A Bilateral World

This riddle is about a young man brought by ambulance into an Emergency ward.  He was in need of immediate surgery, but the surgeon on duty declined to perform his operation on the basis that the young man was immediate family even though the surgeon was neither his father nor grandfather.  Why?  If you figured out right away that the surgeon was his mother, then you are in the minority of men and women who actually remember we are in a bilateral world.

Two’s are everywhere: two eyes, two ears, two nostrils, two kidneys… You get the idea.  But we rarely apply the advantages of dual vision to our businesses, cities, countries or planet.  Instead we use an ill-defined mono-vision to view the world as a flat plane.  Multiple perspectives on the same focal point would yield more than just depth of field; they would reveal multiple dimensions of reality within the same focal zone.

When we find multiple dimensions in a given focal zone, it produces better farms, better markets, better factories, better banks, better homes, better vehicles, better schools, better hospitals, better courts, better police, better airports, better historical awareness, and better futures sensing.  Did I leave anything out?  Of course I did.  Make your own list.  In fact, make your own experiment.  Design something, anything: a tree house, a board game, a bridge, a meeting agenda – anything.  Then ask a group of six people as diversified as you can find (as long it has a bilateral balance of three women and three men), to critique the design of your tree house, board game, bridge or meeting agenda.  You will be richly rewarded.

The young man awoke in post-op having been attended by the alternate surgeon; and his mother, the primary surgeon, was at his bedside, stroking his hand, talking to him softly, doing what mothers do.

4 comments
  1. Sara
    Sara says:

    Perhaps we should be talking of a multilateral world?
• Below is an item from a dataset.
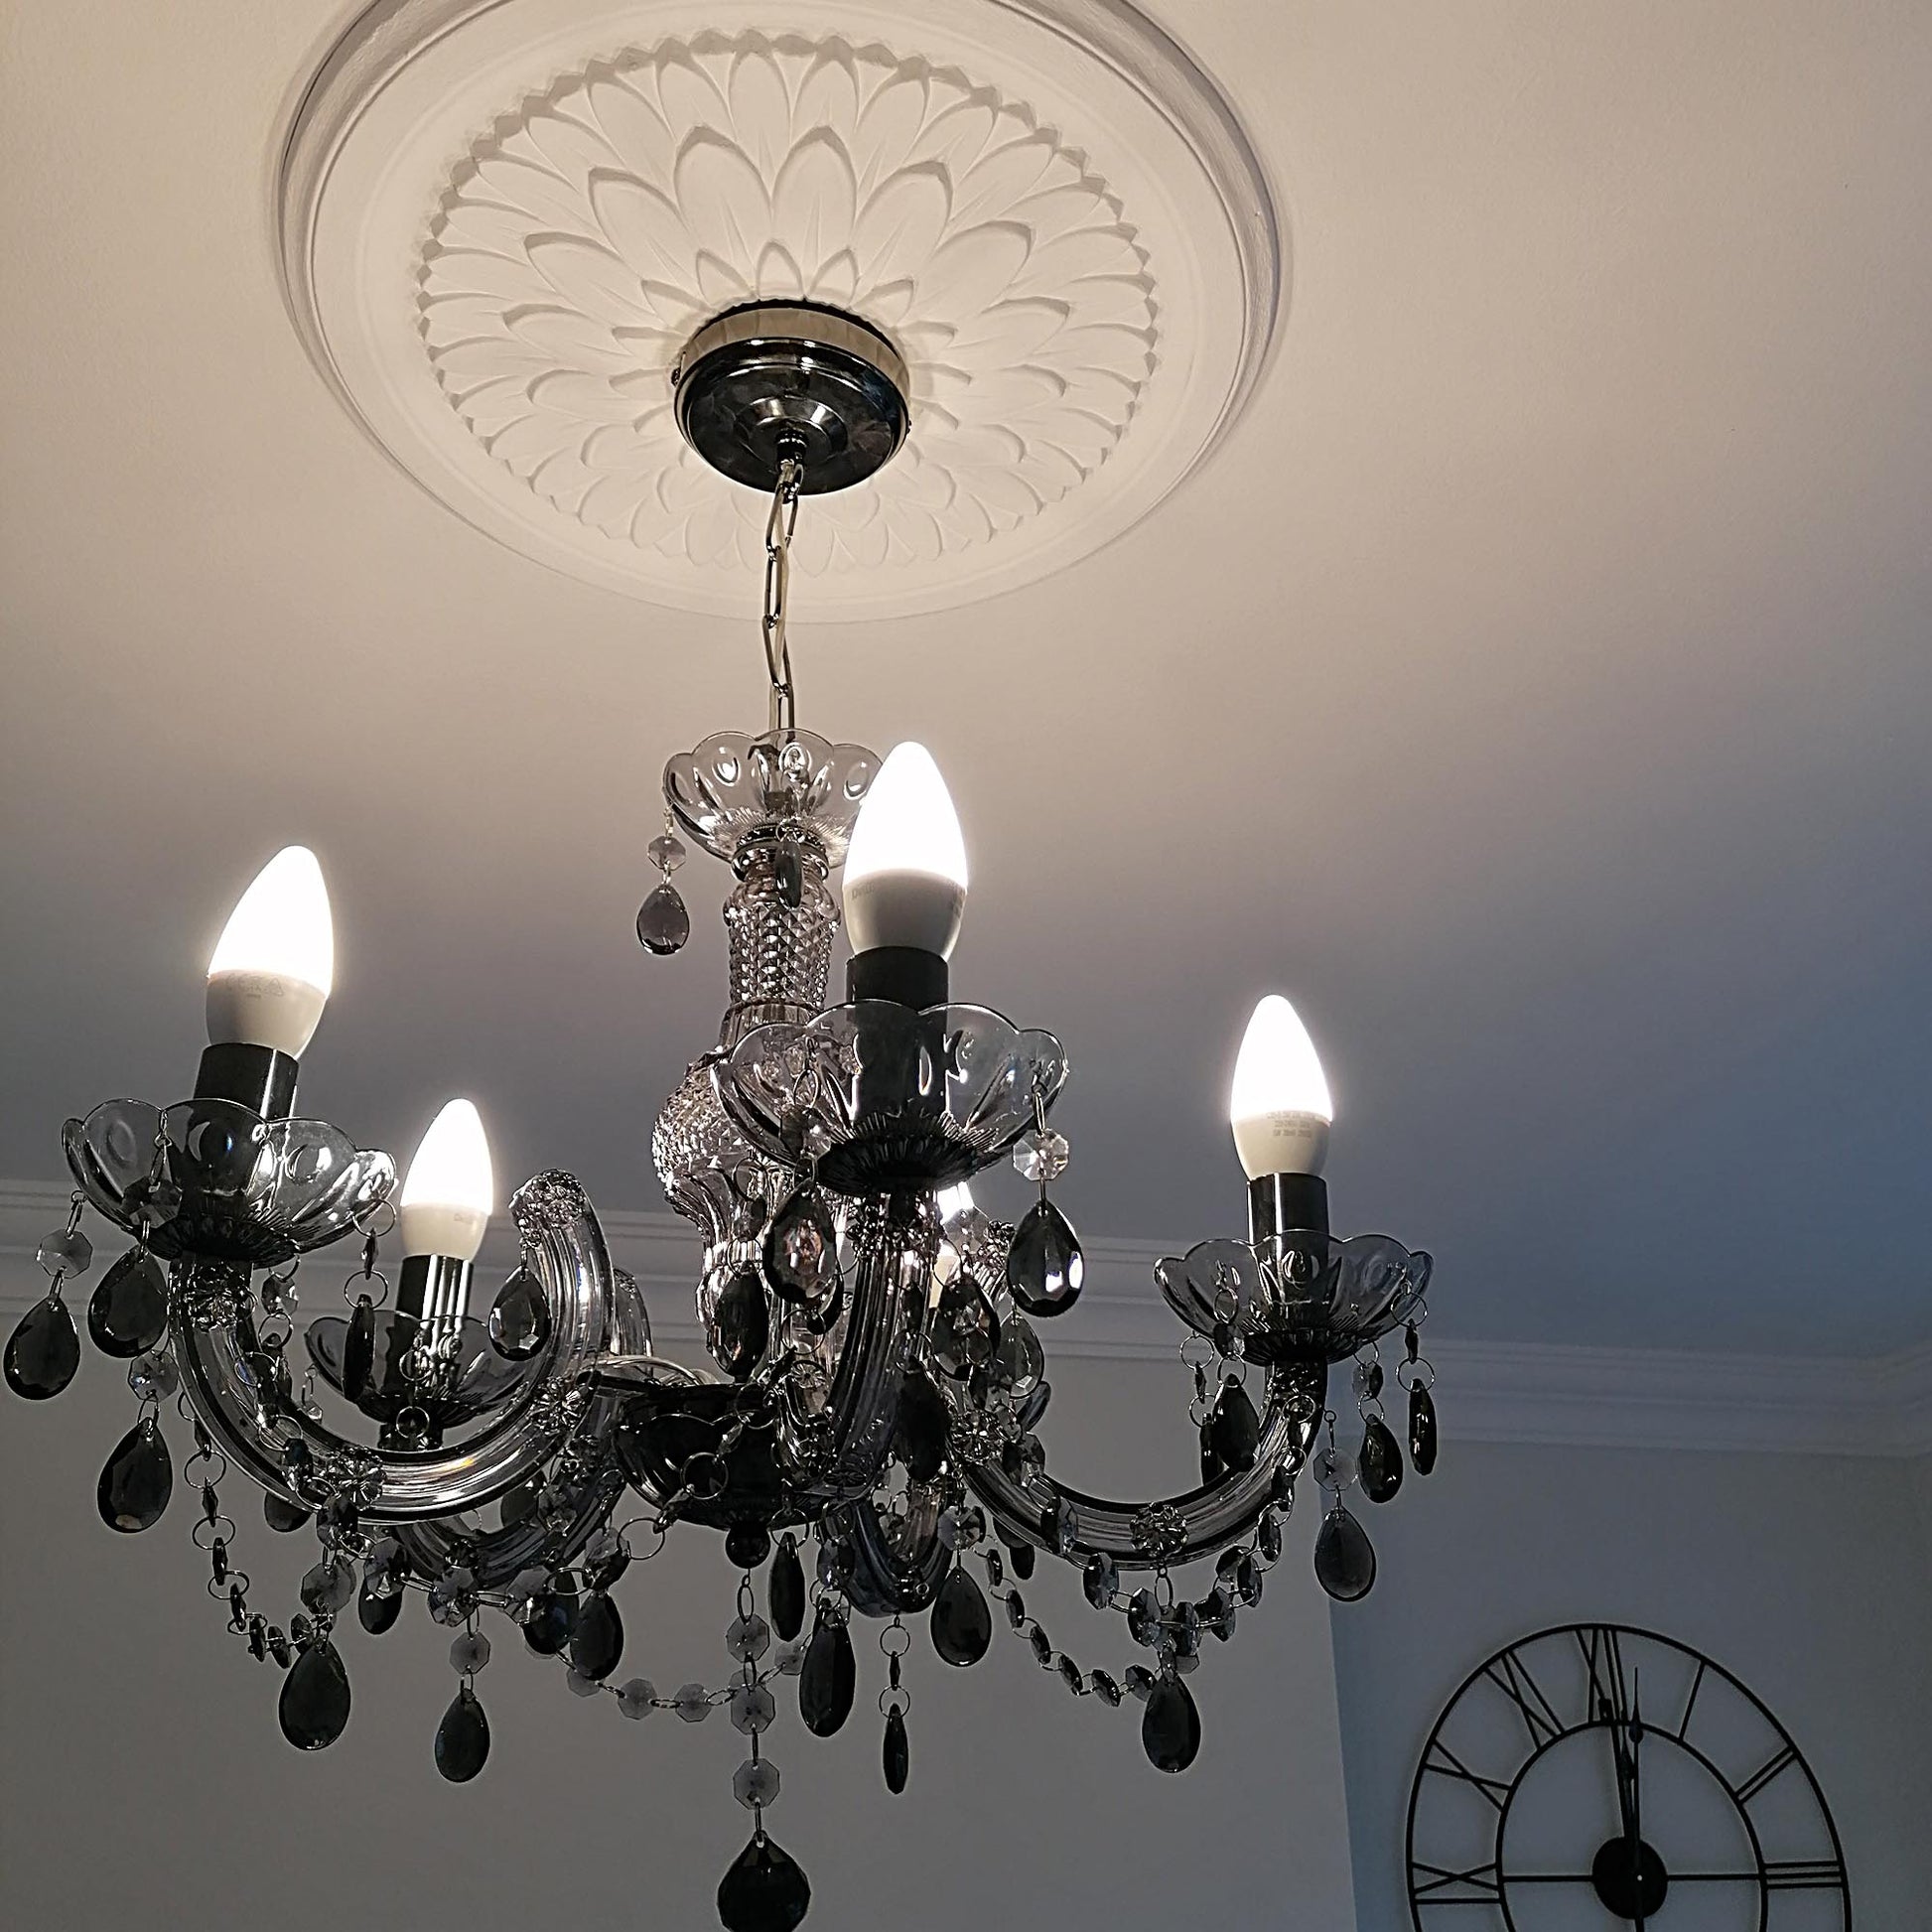 Victorian Floral Plaster Ceiling Rose with black light fitting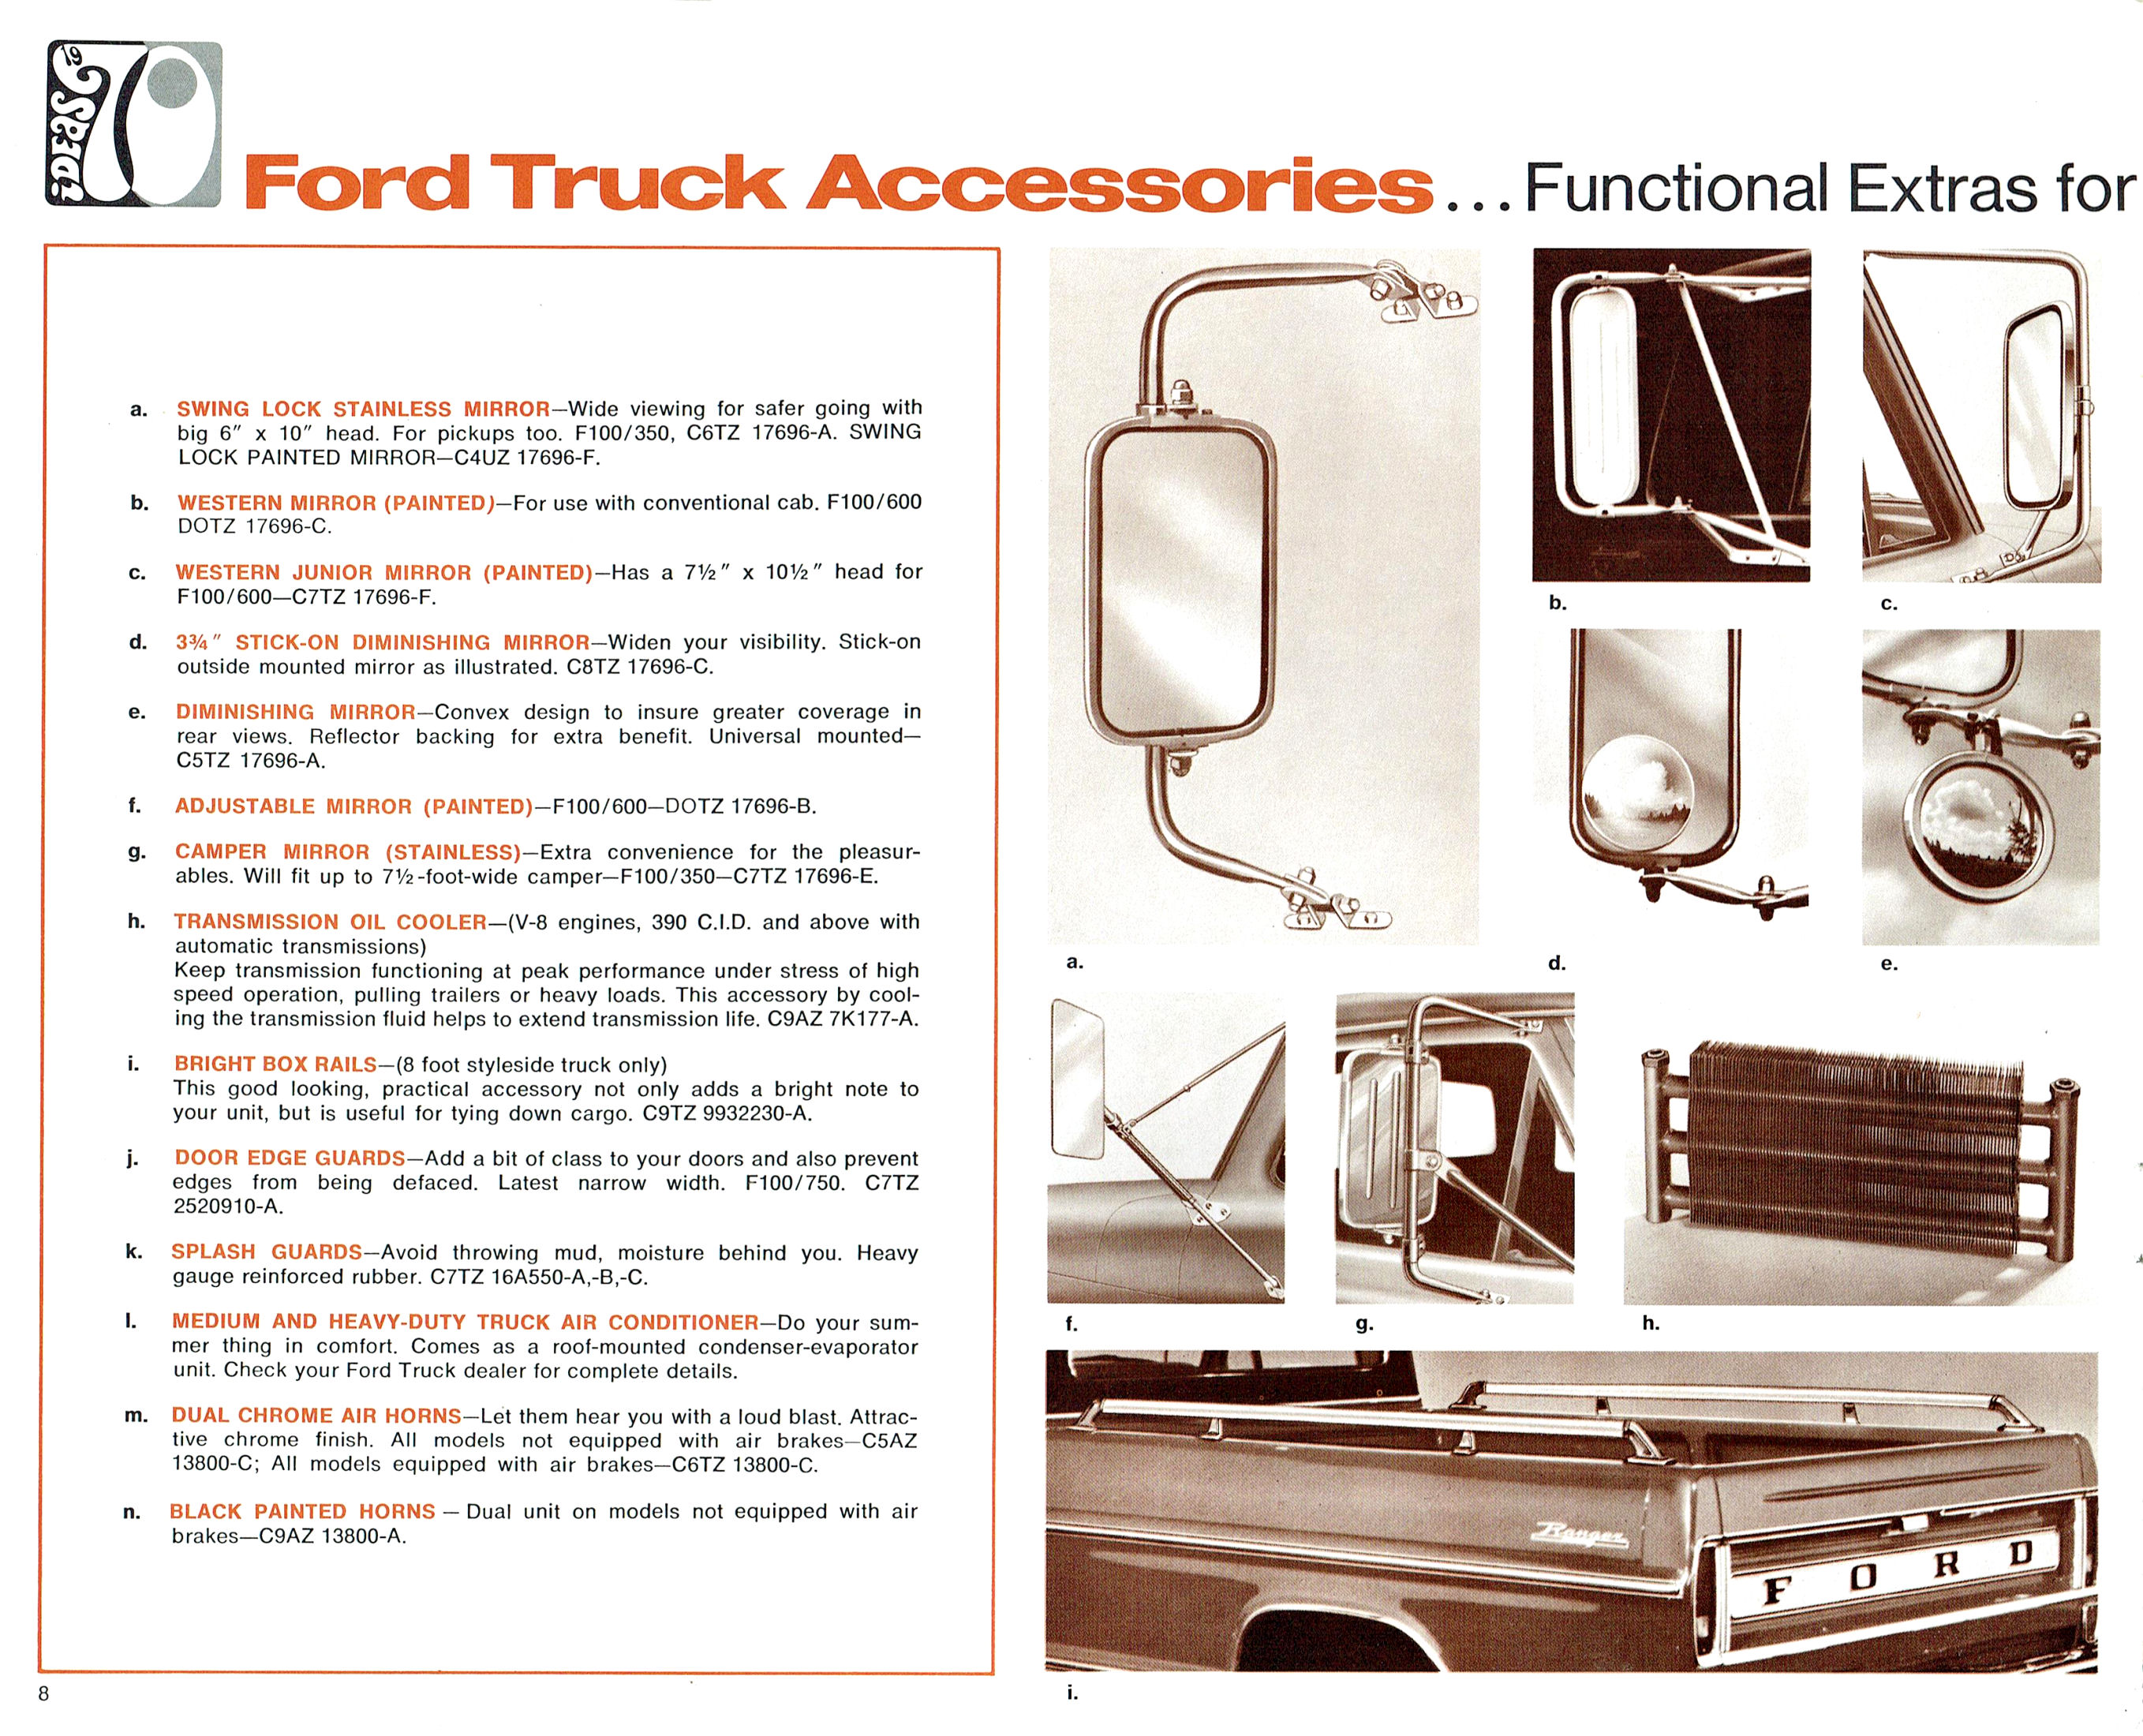 1970 Ford Truck Accessories-08

I like the idea that multiple perspectives are built into our basic physical interaction with the world. But people often associate ‘twos’ with polarities that are irreconcilable. This, it seems, is precisely the false thinking we need to get beyond. To really get a complete picture of any object we need to look from at least six perspectives: from in front and behind, from the left and right sides, from above and below. This is certainly true in respect to realities and challenges in our globalised world, no?

    Reply
    • Elaine Kathryn
      Elaine Kathryn says:

      Nice, provocative contribution. Thanks! I’d like to add the notion that reality can be viewed at multiple levels of “granularity” — like zooming in for more detail or out for more context. Most people are familiar with this feature on digital maps; some in the use of microscopes or telescopes. So the “bilateral” view is long-distance perspective on our planet where the contributions of womankind are most conspicuously under-represented in large decisions affecting political economy. The closer we get to the ground of daily reality, the more “multilateral” the perspectives become.